Le SNPES-PJJ/FSU constate en outre qu’aujourd’hui aucun concours à la PJJ ne fait le plein par rapport au nombre de postes offerts. Le concours de PT n’y a pas échappé : 20 postes offerts en 2022, 10 lauréat.e.s. À ce sujet, les 10 postes non pourvus vont-ils être ajoutés aux 20 postes proposés au concours 2023 ?

À ce stade et tenant compte de l’annonce de la création de 10 nouvelles UEAJ dans les 5 ans, la question d’un plan ambitieux de titularisation des contractuel.le.s se pose dès aujourd’hui, avec des dispositions qui permettent à ces nombreux.ses professionnel.le.s de voir leurs compétences et leur engagement dans l’institution reconnus, tout en leur garantissant un droit à la formation continue.

Concernant le parcours de formation tel que présenté ce jour, le SNPES-PJJ/FSU vous rappelle l’importance de garantir le statut de stagiaire, ce qui impose le préalable d’un véritable tutorat. La DPJJ doit anticiper et compenser les futures absences des stagiaires lorsqu’elles et ils seront absent.e.s pour les divers regroupements ou leurs congés.
A ce propos, le SNPES-PJJ/FSU rappelle que tou.te.s les stagiaires en formation initiale doivent bénéficier du même nombre de congés que les titulaires : 51 jours + 2 boni.

S’agissant de l’application du décret du 28 avril 2023, le SNPES-PJJ/FSU rappelle l’exigence qu’il soit appliqué à tous les personnels concernés par l’accueil et l’accompagnement des jeunes et des familles, comme cela est stipulé dans leur fiche de poste. Cela concerne en particulier les personnels administratifs exerçant dans les unités éducatives. Nous constatons par ailleurs que ces mêmes personnels mobilisé.e.s pour l’obtention du CTI subissent aujourd’hui de graves pressions et sont menacé.e.s de sanctions quant à leur évaluation professionnelle et l’octroi qui en découle du CIA, alors que des garanties ont été apportées sur ce point par la sous direction des ressources humaines lors d’une audience le 21 octobre dernier.
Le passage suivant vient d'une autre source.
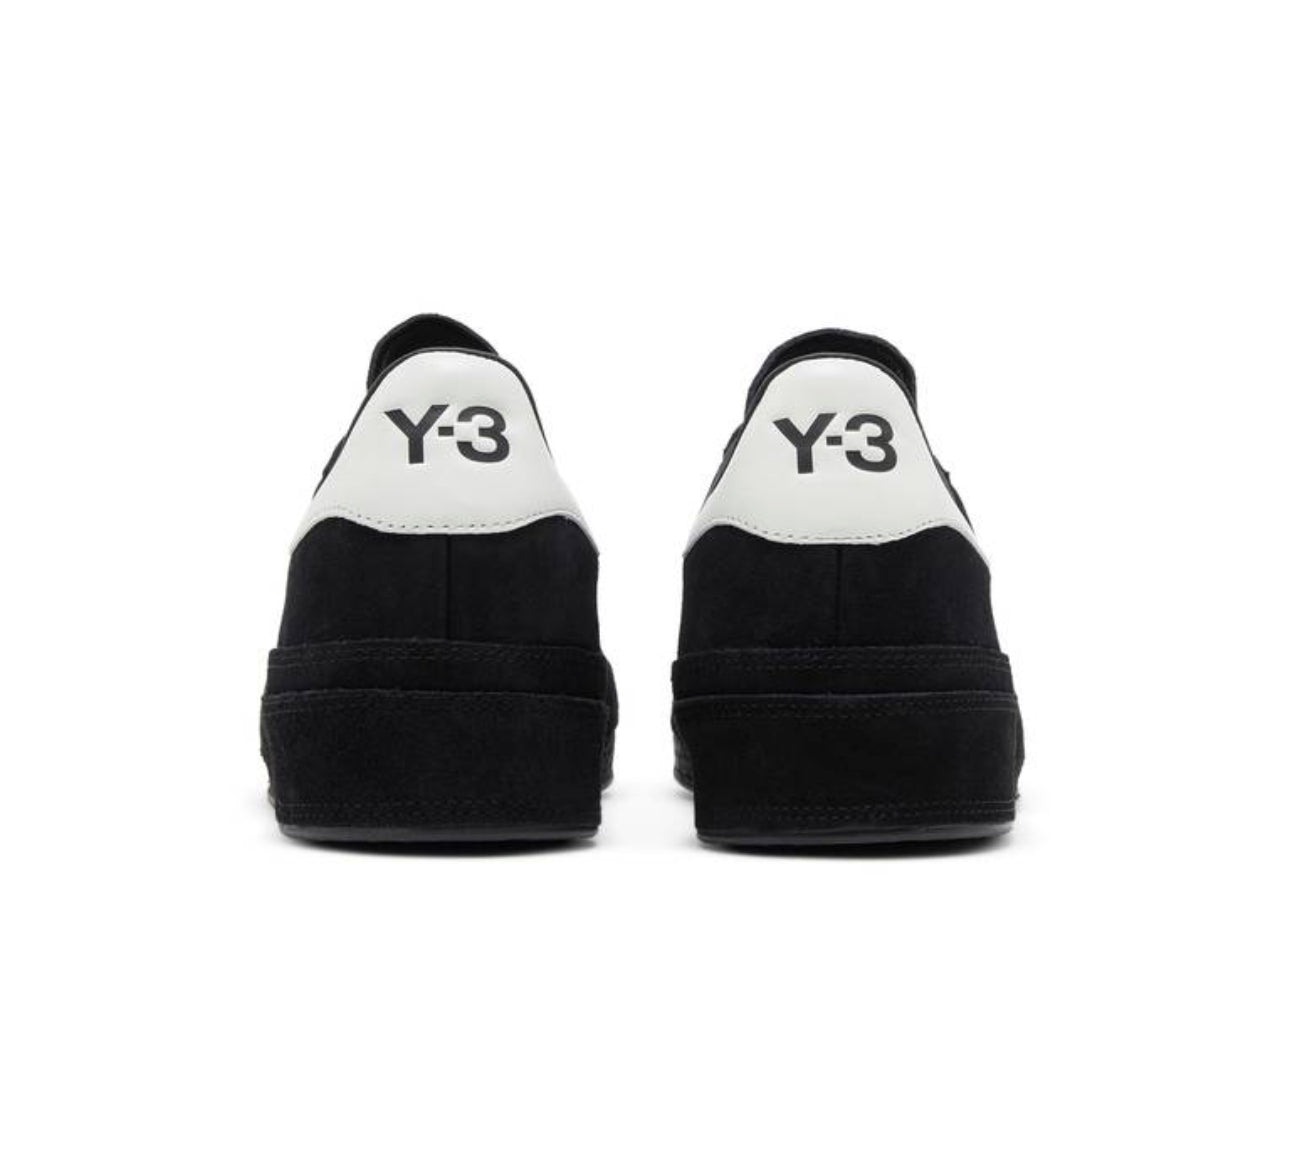 Adidas Y-3 Gazelle Black/White
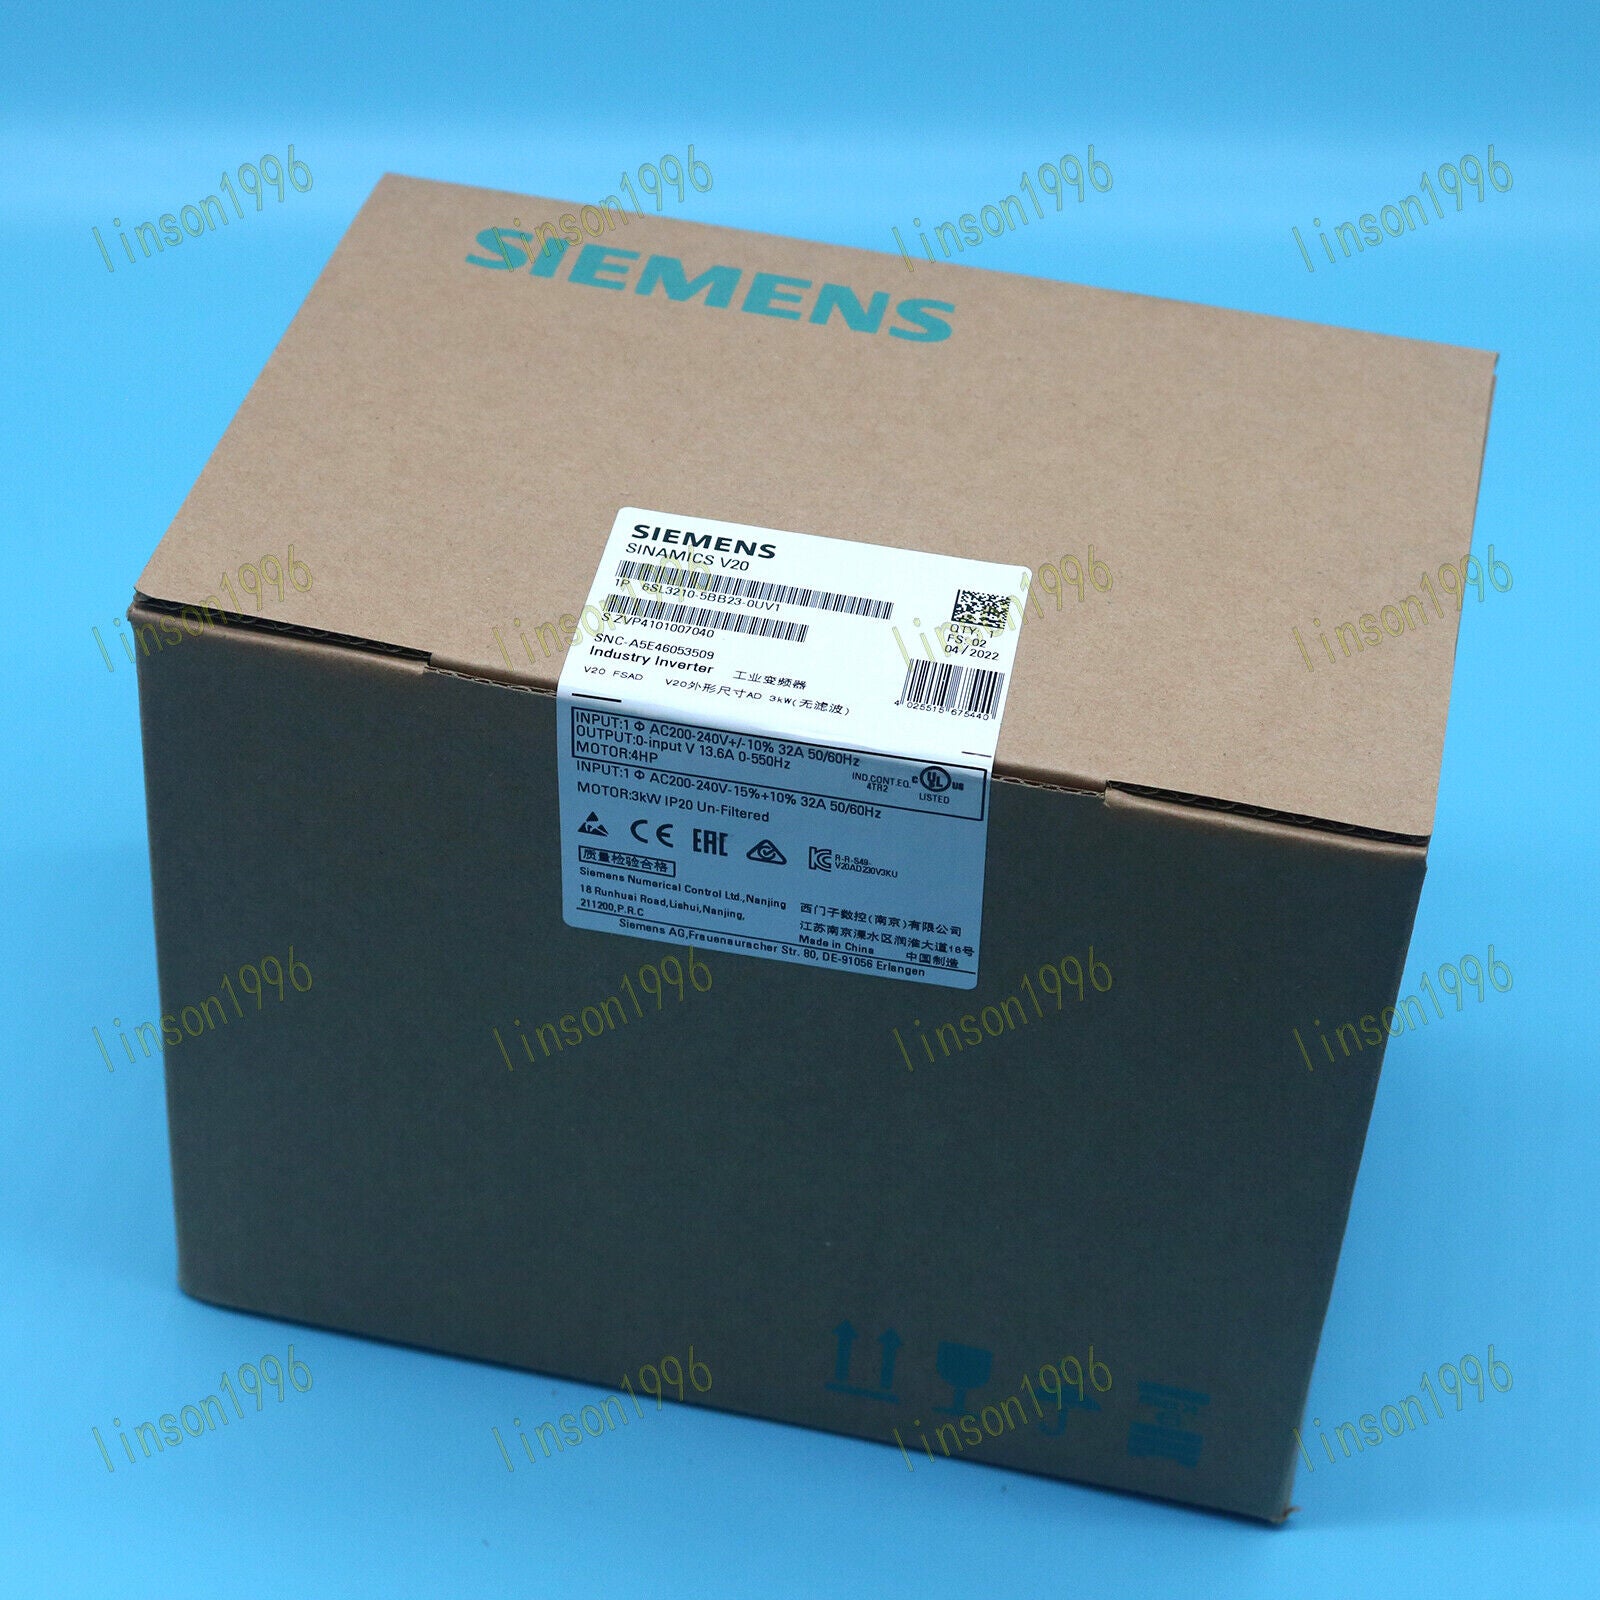 new 1PC  6SL3210-5BB23-0UV1 Siemens Frequency Converter Fast
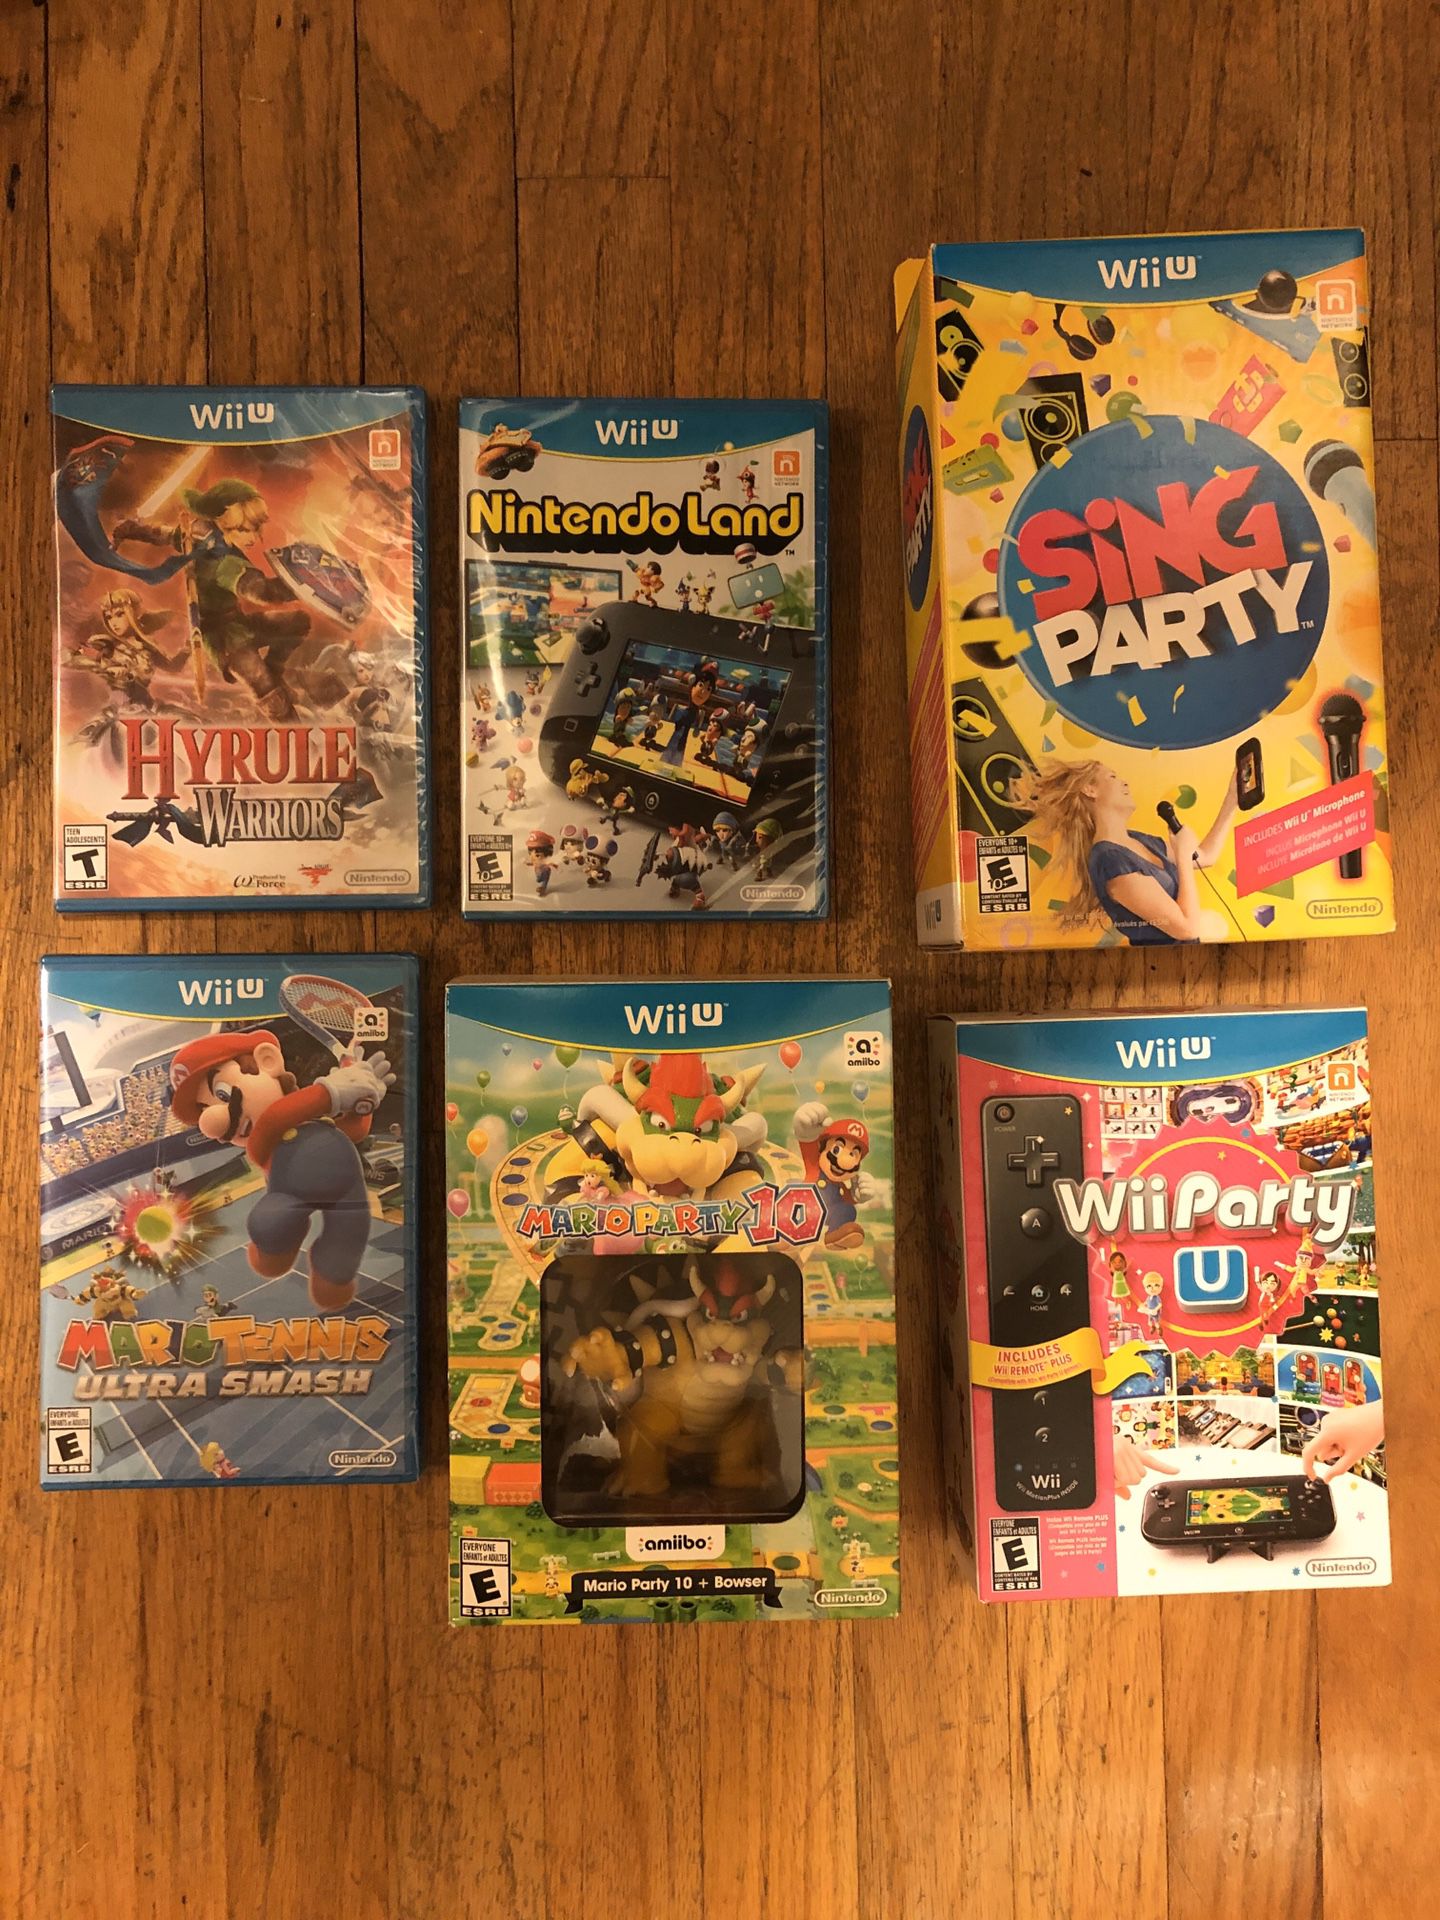 Nintendo Wii Party Lot - WiiParty, Mario Party 10, Mario Tennis, Sing Party, Nintendo Land, Hyrule Warriors

Pour finir, le SNPES-PJJ/FSU tient à dénoncer encore une fois le manque d’ambition du plan de requalification de C en B pour la filière administrative au ministère et à la PJJ en particulier. Cela démontre une nouvelle fois que l’administration ne prend pas la mesure de l’injustice et de la colère ressenties ainsi que du manque de reconnaissance pour ces professionnel.le.s dont les missions sont indispensables au bon fonctionnement des services.